Employment LawScene Alert: U.S. Supreme Court Affirms Time Spent Changing Clothes Not Compensable Work Time

On October 14, 2013, the Employment LawScene™ brought you an article explaining that the Supreme Court would hear oral arguments in Sandifer v. U.S. Steel Corp., a case out of the Seventh Circuit, to resolve disagreement among other circuit courts as to what constitutes “changing clothes” within the meaning of the Fair Labor Standards Act (“FLSA”) for purposes of determining whether time spent “changing clothes” at the beginning and end of each workday is compensable work time.

The Sandifer case specifically focused on Section 203(o) of the FLSA, which allows employers and unions to collectively bargain over whether employees must be paid for time spent “changing clothes” at the beginning and end of each workday. The Seventh Circuit held that time spent putting on certain articles of protective gear fell within the definition of “changing clothes” under the FLSA and, accordingly, was not work time that employees had to be paid for pursuant to the parties’ collective bargaining agreement.

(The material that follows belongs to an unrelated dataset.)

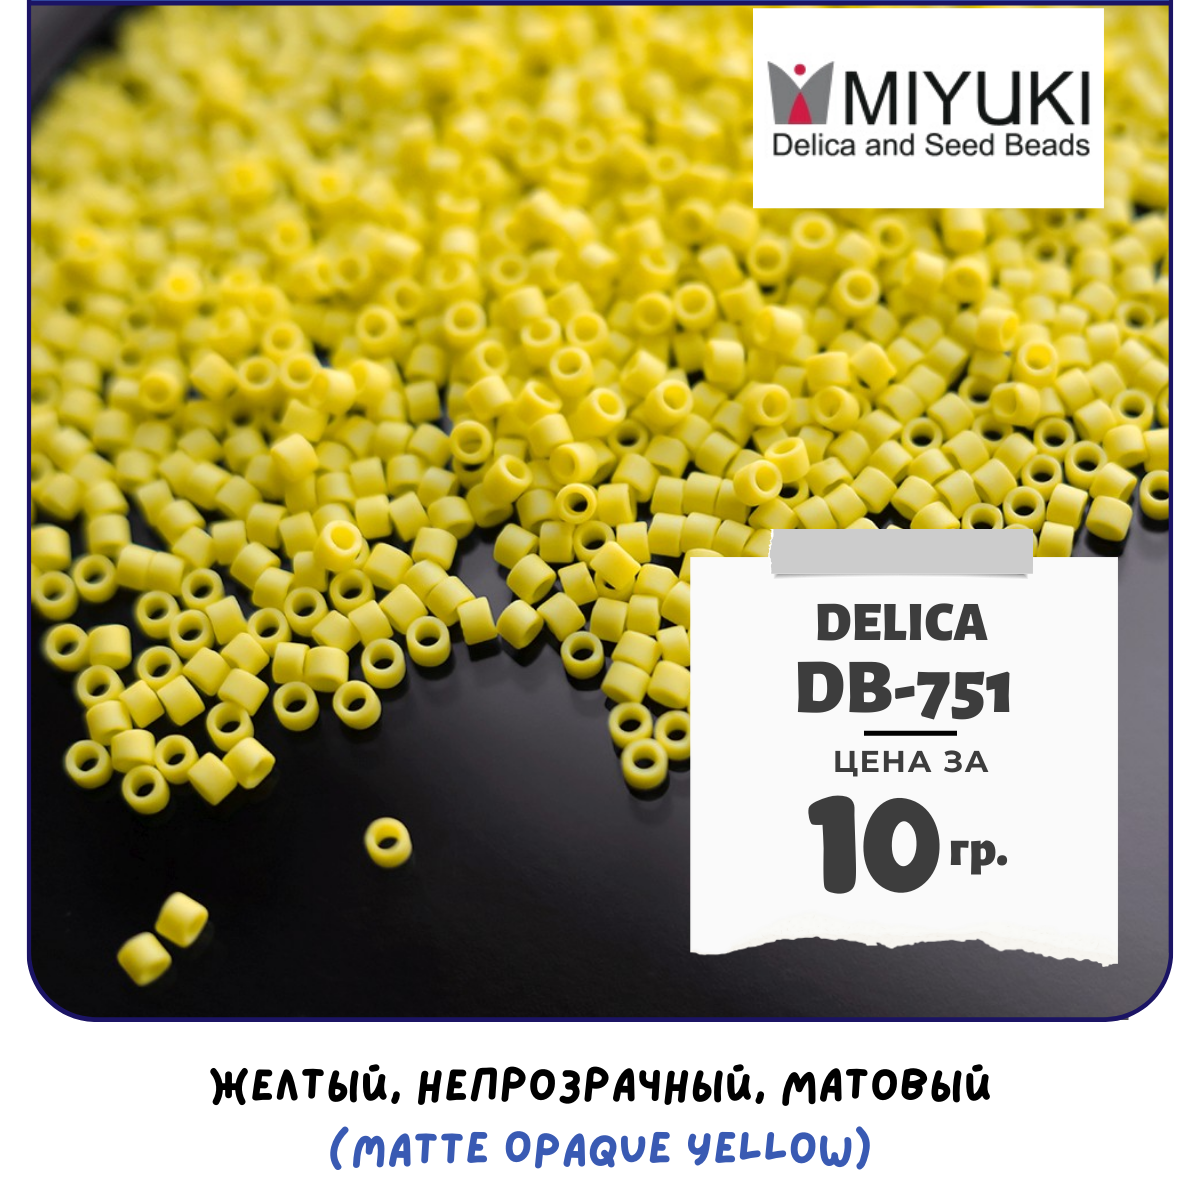 Бисер японский MIYUKI 10 гр Миюки цилиндрический Delica Делика 11/0 размер 11 DB-751 цвет желтый, непрозрачный, матовый (Matte Opaque Yellow).

On January 27, 2014, the U.S. Supreme Court unanimously affirmed the Seventh Circuit’s holding that the time employees spent “donning” and “doffing” protective gear was not compensable under the FLSA when, “on the whole”, the vast majority of the time was spent “changing clothes” and the employer and employees agreed that time was non-compensable under a collective bargaining agreement.

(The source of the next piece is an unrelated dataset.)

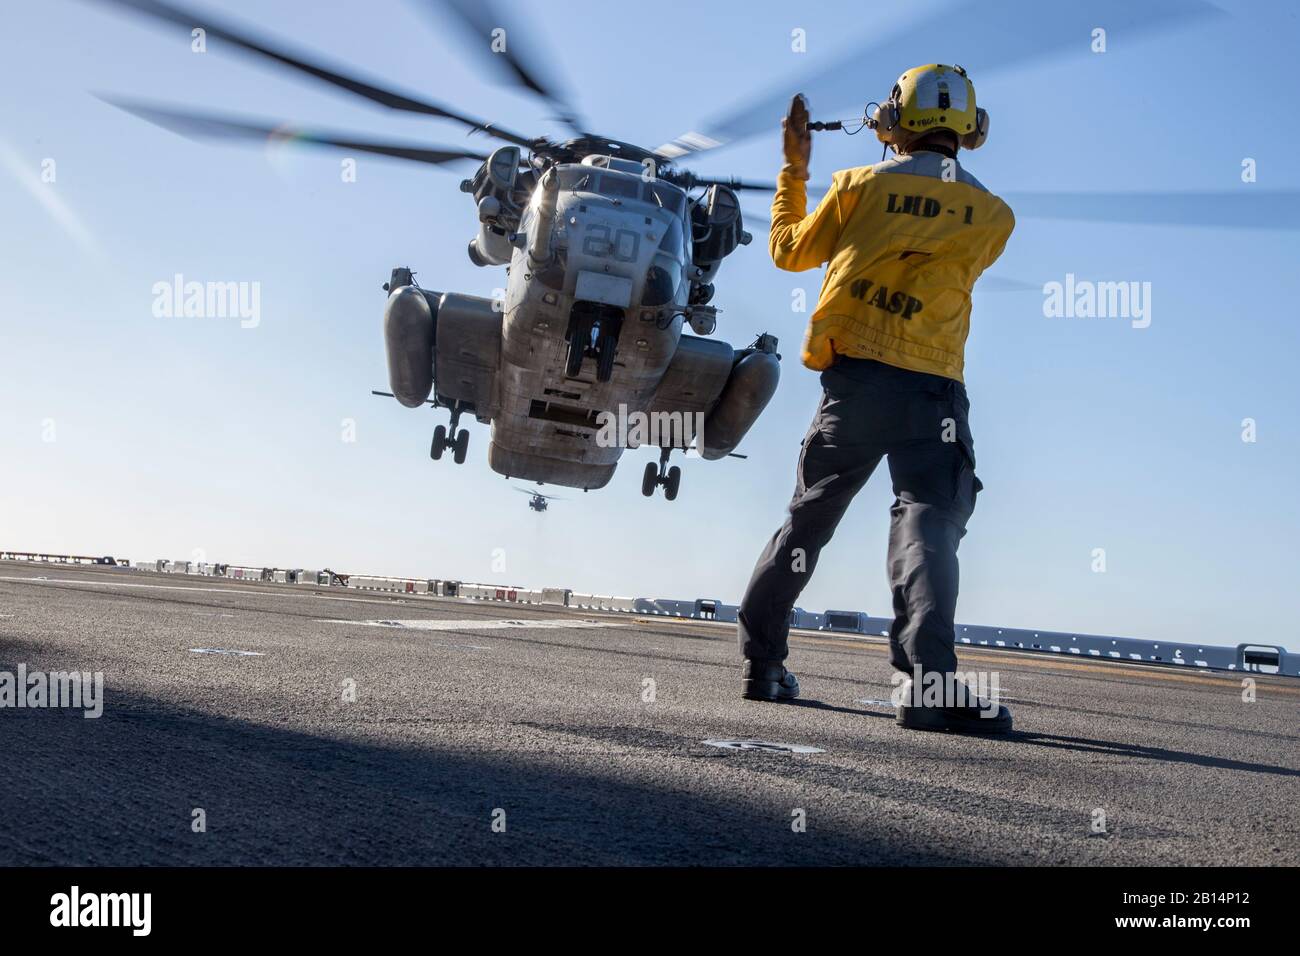 L'aviation de la Marine américaine maître de Manœuvre (manutention) Seaman Noel signaux Kulloda le pilote d'un CH-53E Super Stallion affectés à l'Escadron d'hélicoptères lourds Marine (HMH), 361 aéronefs maritimes Groupe 16, 3rd Marine Aircraft Wing, lors des qualifications d'appontage à bord du USS Essex (LHD-2) dans le cadre de l'exercice Dawn Blitz dans l'océan Pacifique au large de la Californie, 21 oct., 2017. Dawn Blitz est un exercice amphibie piloté par des scénarios réalisés entre 3 et groupe expéditionnaire 1re brigade expéditionnaire de marines, de tester leur capacité à mener des opérations amphibies en réponse aux crises mondiales et de proj Banque D'Images

The U.S. Supreme Court noted that employees in Sandifer v. U.S. Steel Corp. were required to don and doff twelve (12) items of protective gear, nine of which fell within the definition of “clothes” under the FLSA (flame-retardant jacket, pants, hood, hard hat, “snood,” “wristlets,” work gloves, leggings, and steel-toed boots) and, therefore, were not compensable. Although the Court did not consider the other three items—safety glasses, earplugs, and a respirator—to fall within its definition of “clothes,” it found that, “on the whole”, a vast majority of the time was spent donning and doffing the other items that did fall within the definition and, accordingly, the time was not compensable. The Court instructed that in determining whether time spent donning and doffing certain protective gear is compensable under the Act, other courts should examine the time period at issue “on the whole” and determine whether the vast majority of donning and doffing time involves clothing items or non-clothing items as defined by the Court. If a vast majority of the time is spent on items that are “clothes,” then the entire period should qualify as time spent “changing clothes” and should not constitute compensable work time under the FLSA pursuant to an applicable collective bargaining agreement.

The U.S. Supreme Court’s decision in Sandifer makes clear that unionized employees are not entitled to compensation for time spent donning and doffing protective gear under the FLSA where a vast majority of time is spent “changing clothes” and where a collective bargaining agreement excludes such time from working time.